At least annually, the committee shall obtain and review a report by the independent auditors describing:

The auditor’s internal quality control procedures.
Any material issues raised by the most recent internal quality control review, or peer review, of the auditors or by any inquiry or investigation by governmental or professional authorities, within the preceding five years, respecting one or more independent audits carried out by the auditors, and any steps taken to deal with any such issues.
All relationships between the auditors and the Company (to assess the auditor’s independence).

In addition, the committee shall set clear hiring policies for employees or former employees of the independent auditors that meet the SEC regulations and AMEX listing standards.

The committee shall discuss with the independent auditors the overall scope and plans for its audit, including the adequacy of staffing and compensation. Also, the committee shall discuss with management and the independent auditors the adequacy and effectiveness of the accounting and financial controls, including the Company’s policies and procedures to assess, monitor and manage business risks, and legal and ethical compliance programs.

The committee shall meet separately periodically with management and the independent auditors to discuss issues and concerns warranting committee attention. The committee shall provide sufficient opportunity for the independent auditors to meet privately with the members of the committee. The committee shall review with the independent auditor any audit problems or difficulties and management’s response.

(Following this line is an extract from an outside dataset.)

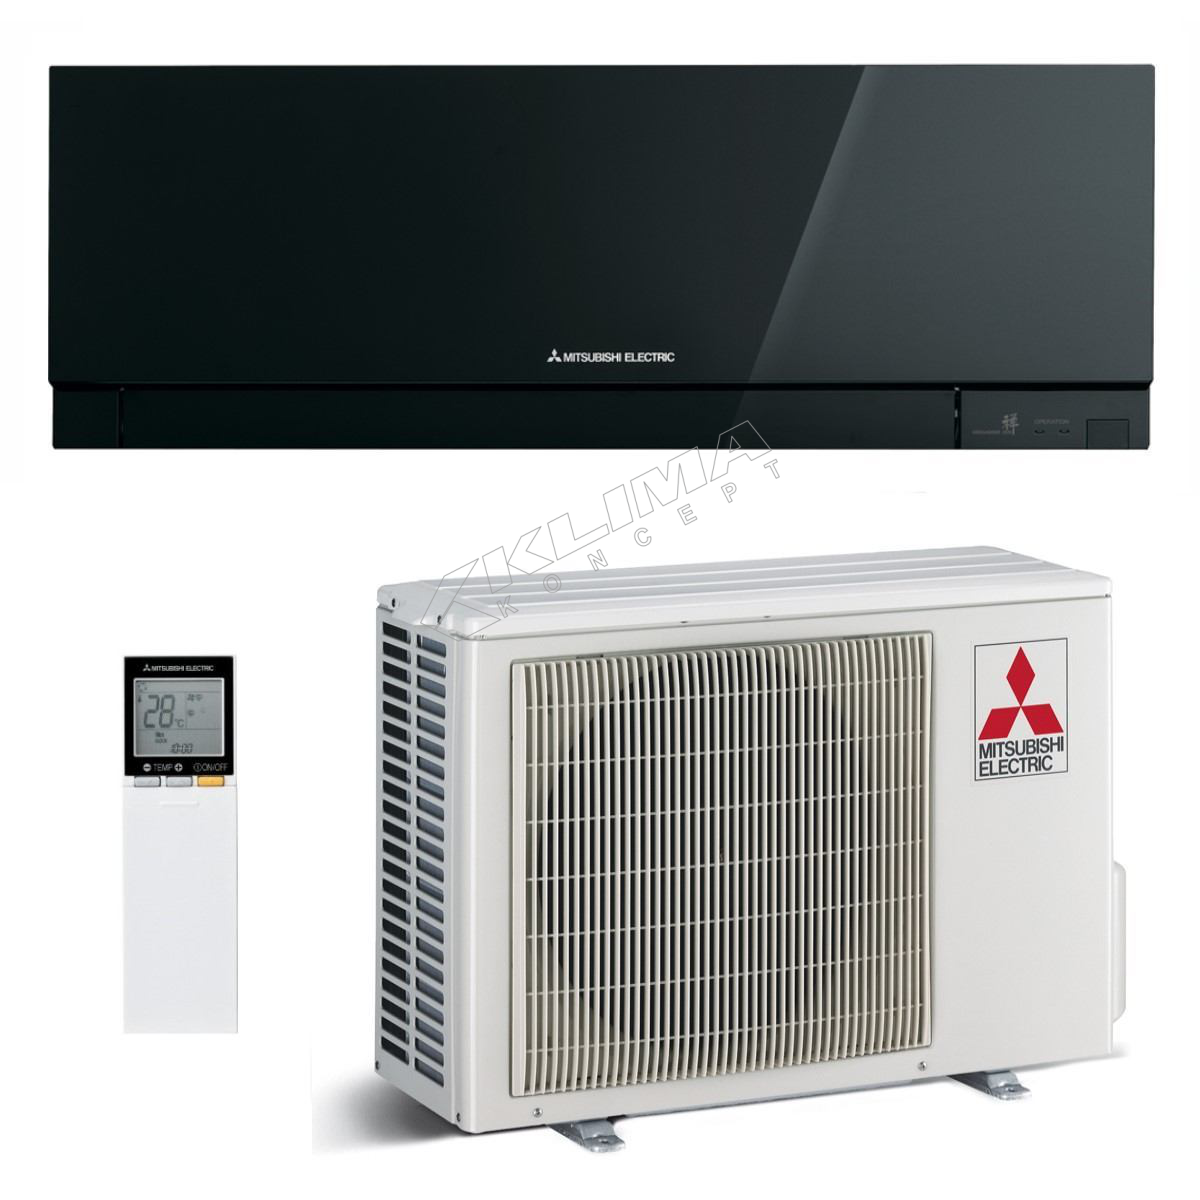 MITSUBISHI ELECTRIC KLIMA UREĐAJ MSZ-EF42VGB/MUZ-EF42VG R32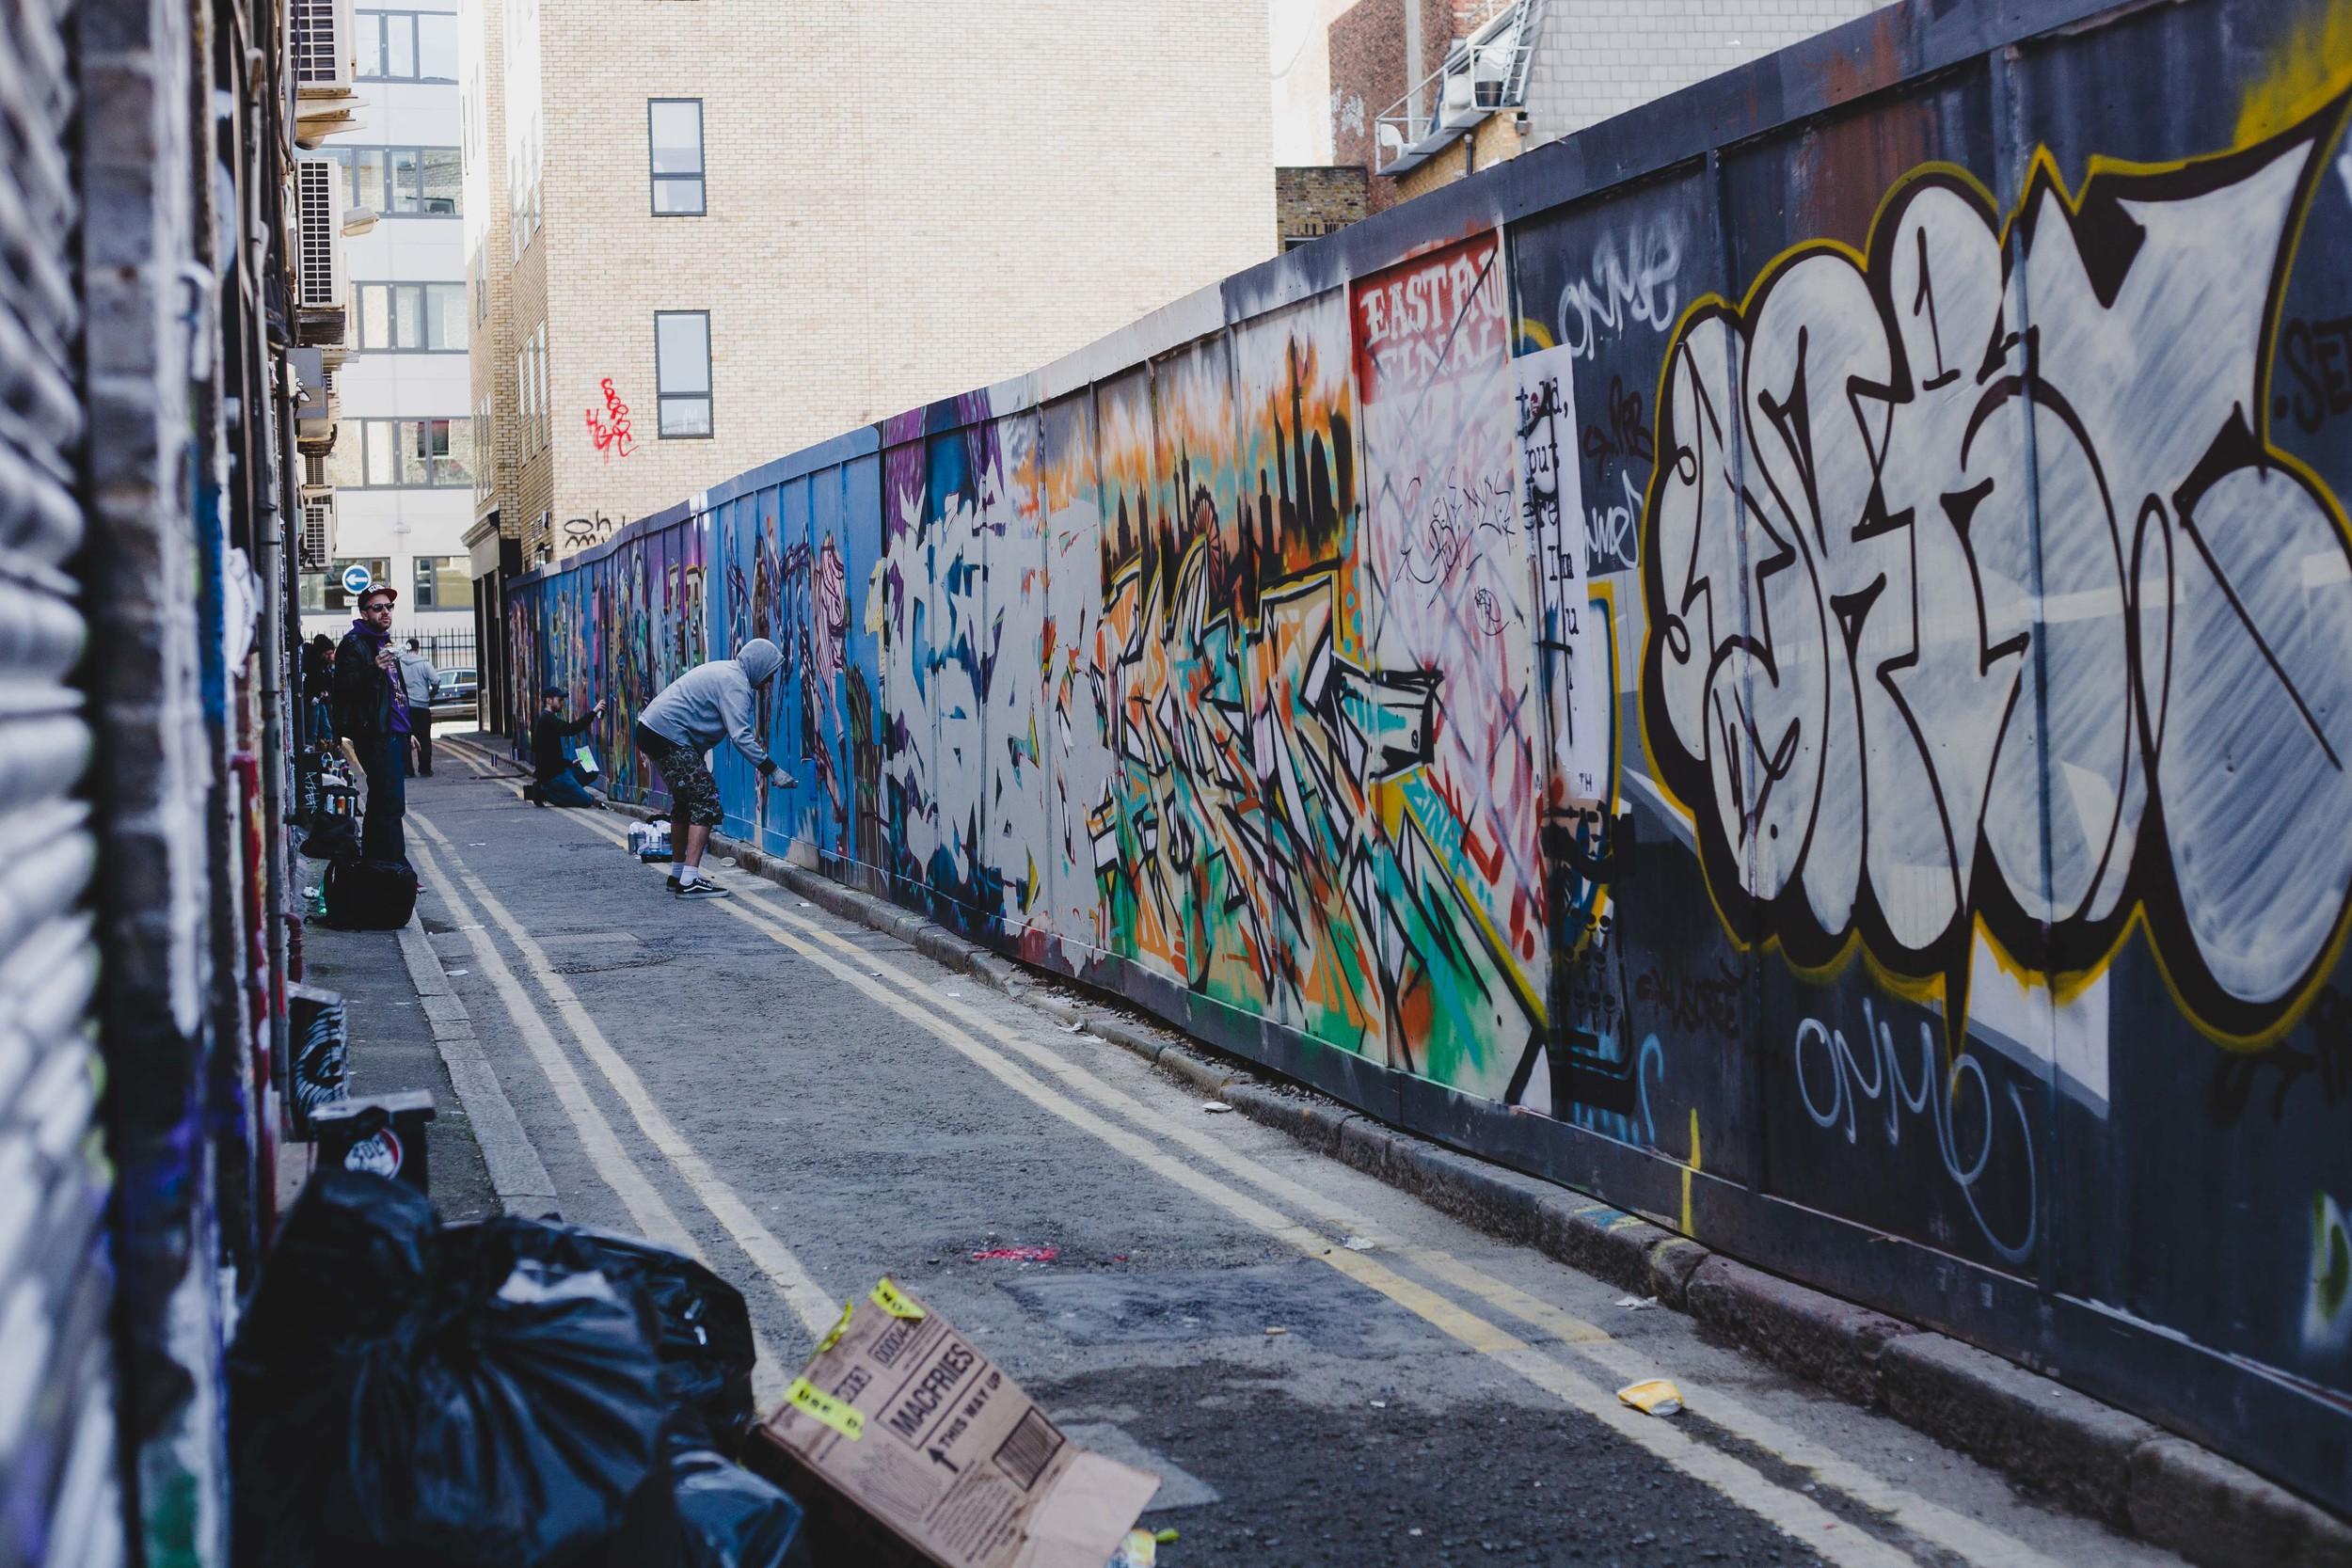 london-shoreditch-5238.jpg

The committee shall receive regular reports from the independent auditor on the critical policies and practices of the Company, and all alternative treatments of financial information within generally accepted accounting principles that have been discussed with management. The committee shall review management’s assertion on its assessment of the effectiveness of internal controls as of the end of the most recent fiscal year and the independent auditor’s report on management assertion.

The committee shall review and discuss earnings press releases, as well as financial information and earnings guidance provided to analysts and rating agencies.

The committee shall review the interim financial statements and disclosures under Management’s Discussion and Analysis of Financial Condition and Results of Operations with management and the independent auditors prior to the filing of the Company’s Quarterly Reports on Form 10-QSB. Also, the committee shall discuss the results of the quarterly review and any other matters required to be communicated to the committee by the independent auditors under generally accepted auditing standards. The chair of the committee may represent the entire committee for the purposes of this review.

The committee shall review with management and the independent auditors the financial statements and disclosures under Management’s Discussion and Analysis of Financial Condition and Results of Operations to be included in the Company’s Annual Report on Form 10-KSB (or the annual report to shareholders if distributed prior to the filing of Form 10-KSB), including its judgment about the quality, not just the acceptability, of accounting principles, the reasonableness of significant judgments and the clarity of the disclosures in the financial statements. Also the committee shall discuss the results of the annual audit and any other matters required to be communicated by the committee by the independent auditors under generally accepted auditing standards.

The committee shall establish procedures for the receipt, retention and treatment of complaints received by the Company regarding accounting, internal accounting controls or auditing matters, and the confidential, anonymous submission by employees of the Company of concerns regarding questionable accounting or auditing matters.
The committee shall receive reports of evidence of a material violation of securities laws or breaches of fiduciary duty.

The committee also prepares its report to be included in the Company’s annual proxy statement, as required by SEC regulations.

The committee shall perform an evaluation of its performance at least annually to determine whether it is functioning effectively.